__WORK REQUIRED__.
Look below for the line that contains "13 удачных идей", then copy it and each following line exactly, through and including the line that contains "Tillverkningen av Teslas".

__RECORDED INFORMATION__.
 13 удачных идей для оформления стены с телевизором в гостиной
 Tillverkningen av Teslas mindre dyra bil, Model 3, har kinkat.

--

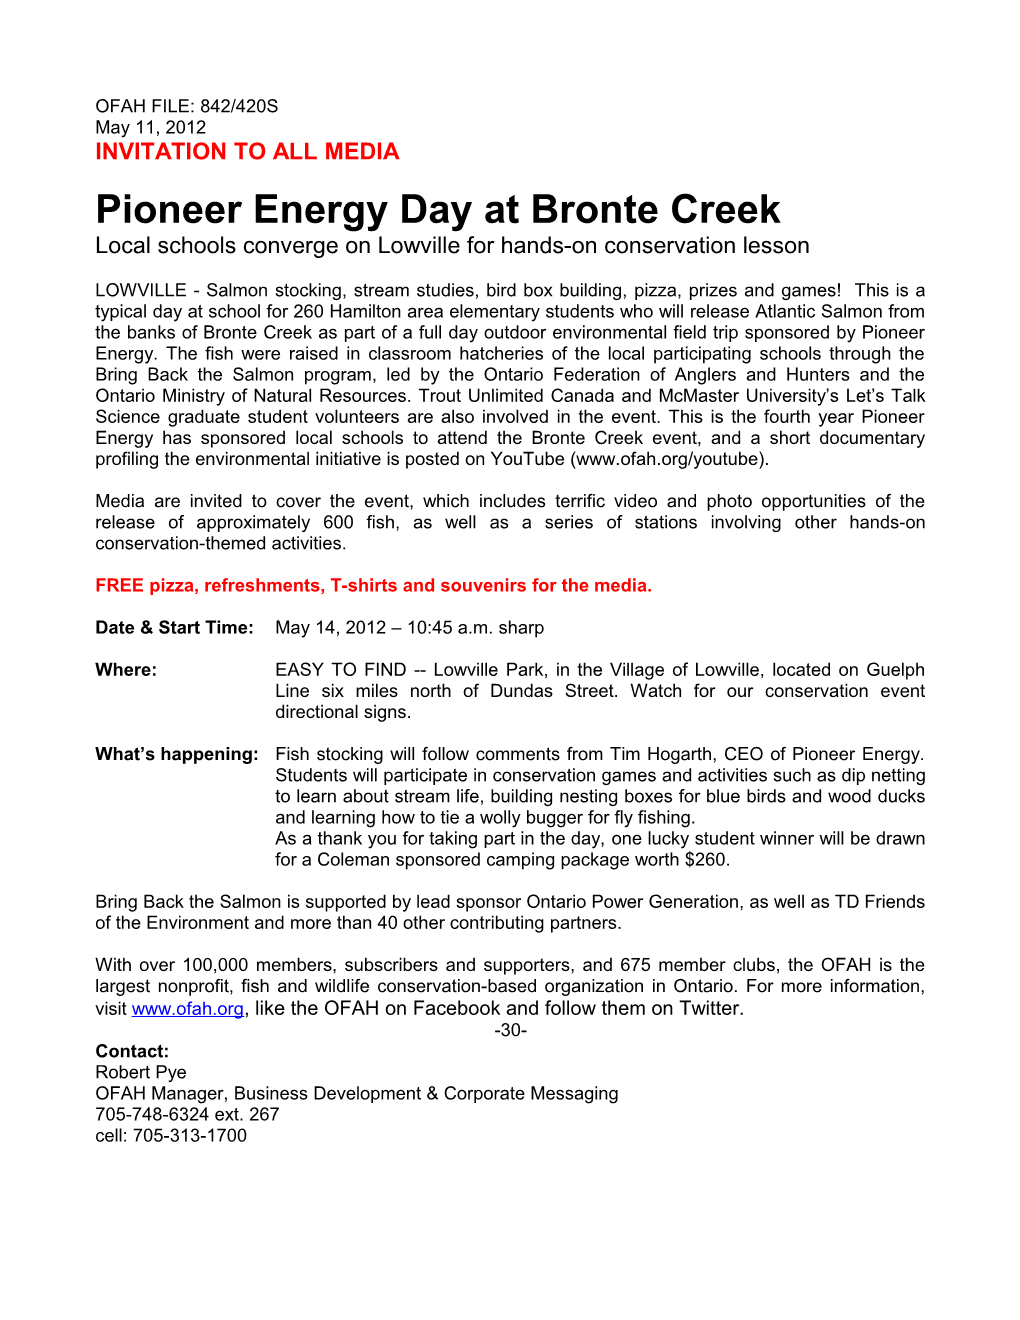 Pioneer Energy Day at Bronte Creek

--

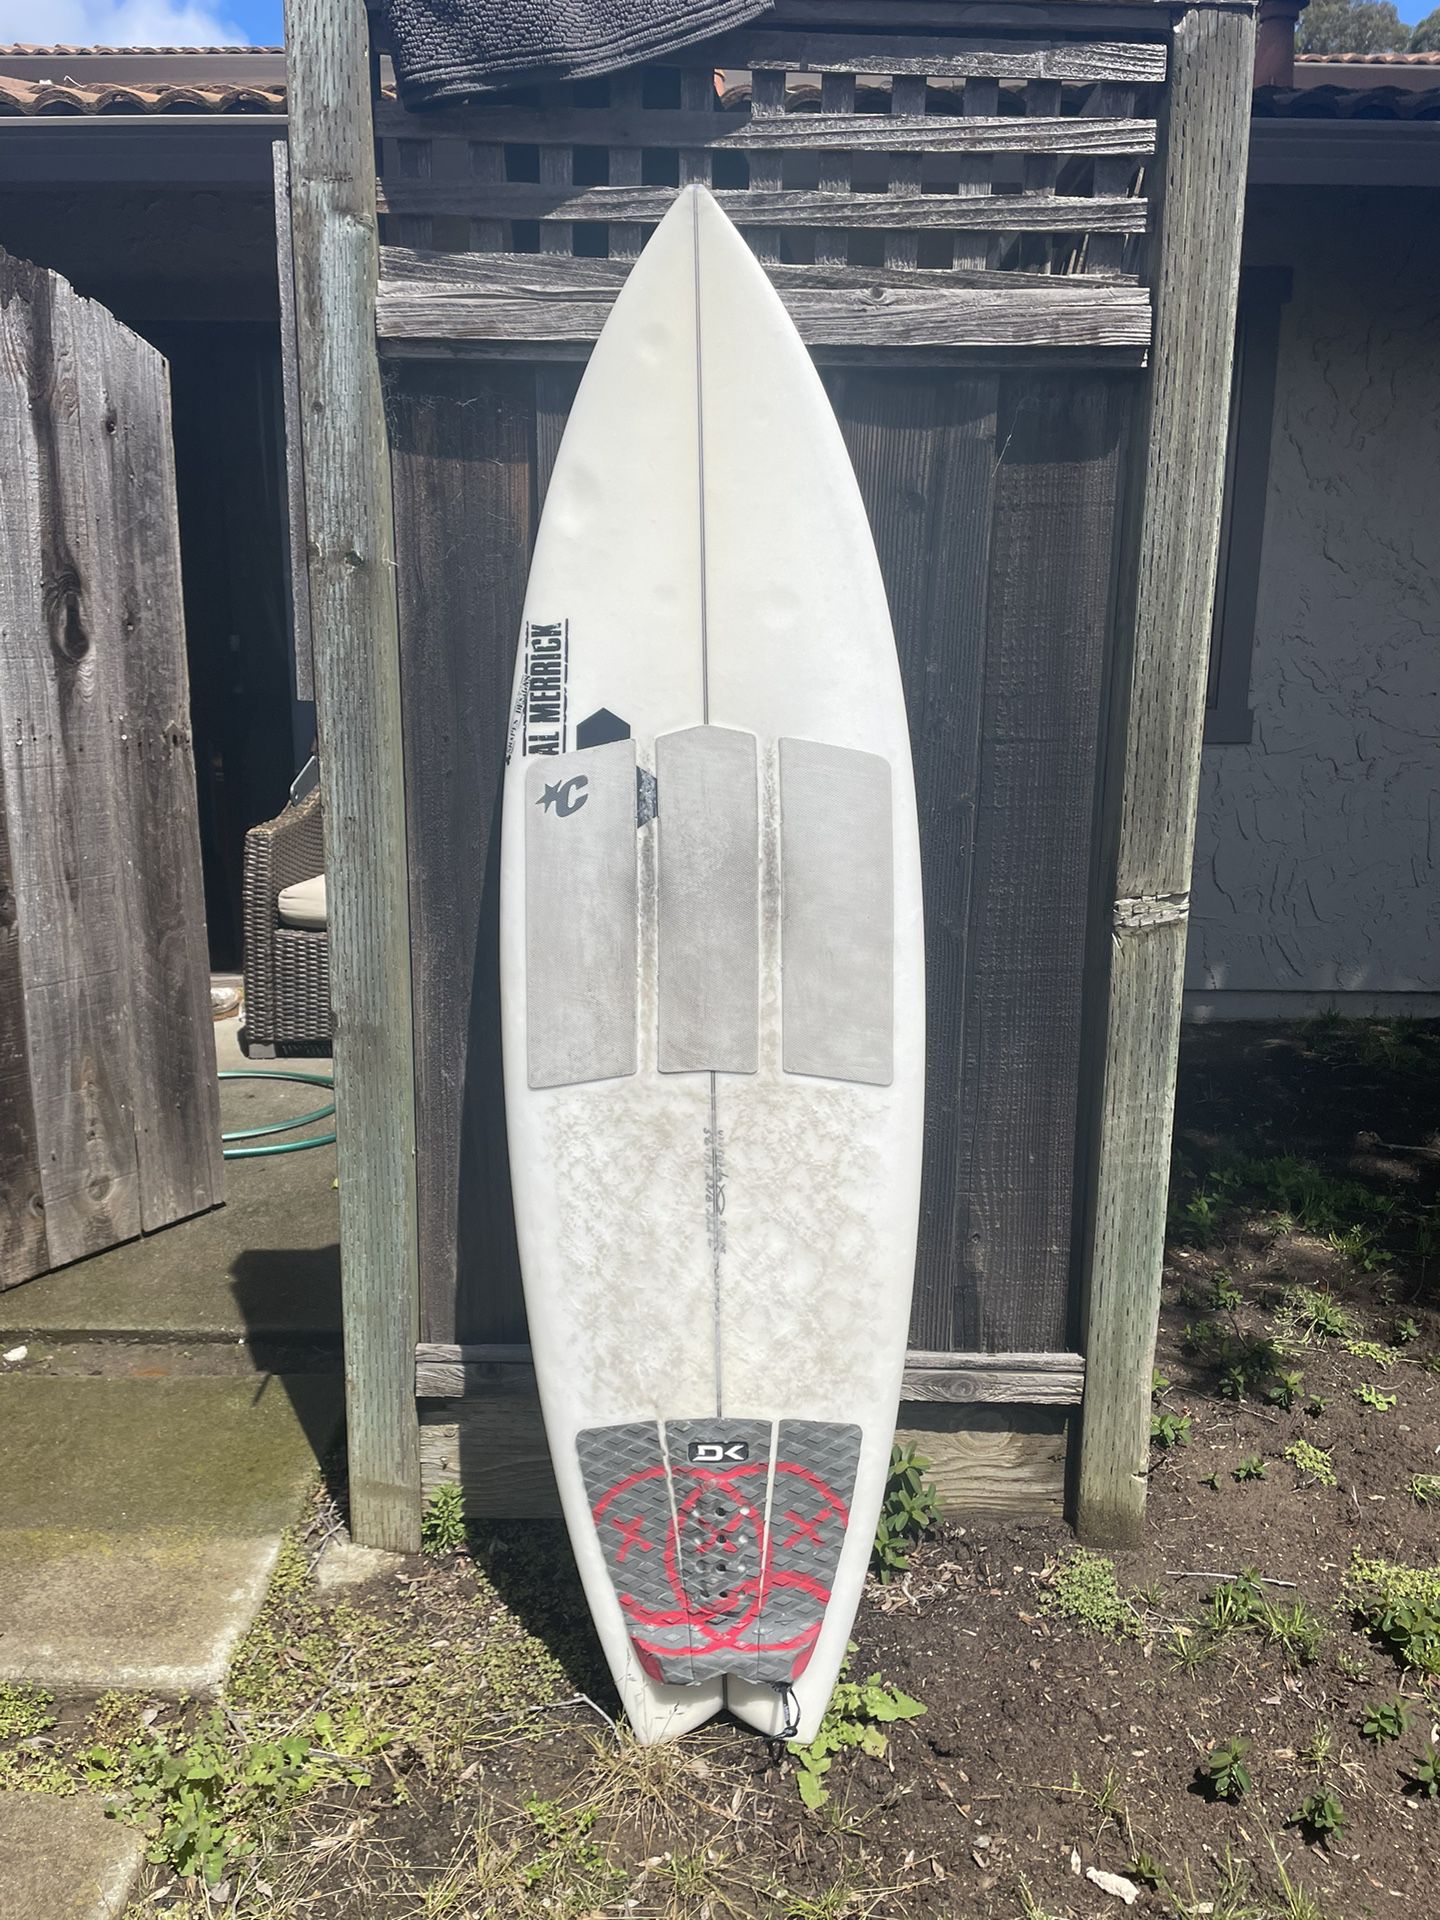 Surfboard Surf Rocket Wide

__REPLY TO THE TASK__.
 13 удачных идей для оформления стены с телевизором в гостиной
 Tillverkningen av Teslas mindre dyra bil, Model 3, har kinkat.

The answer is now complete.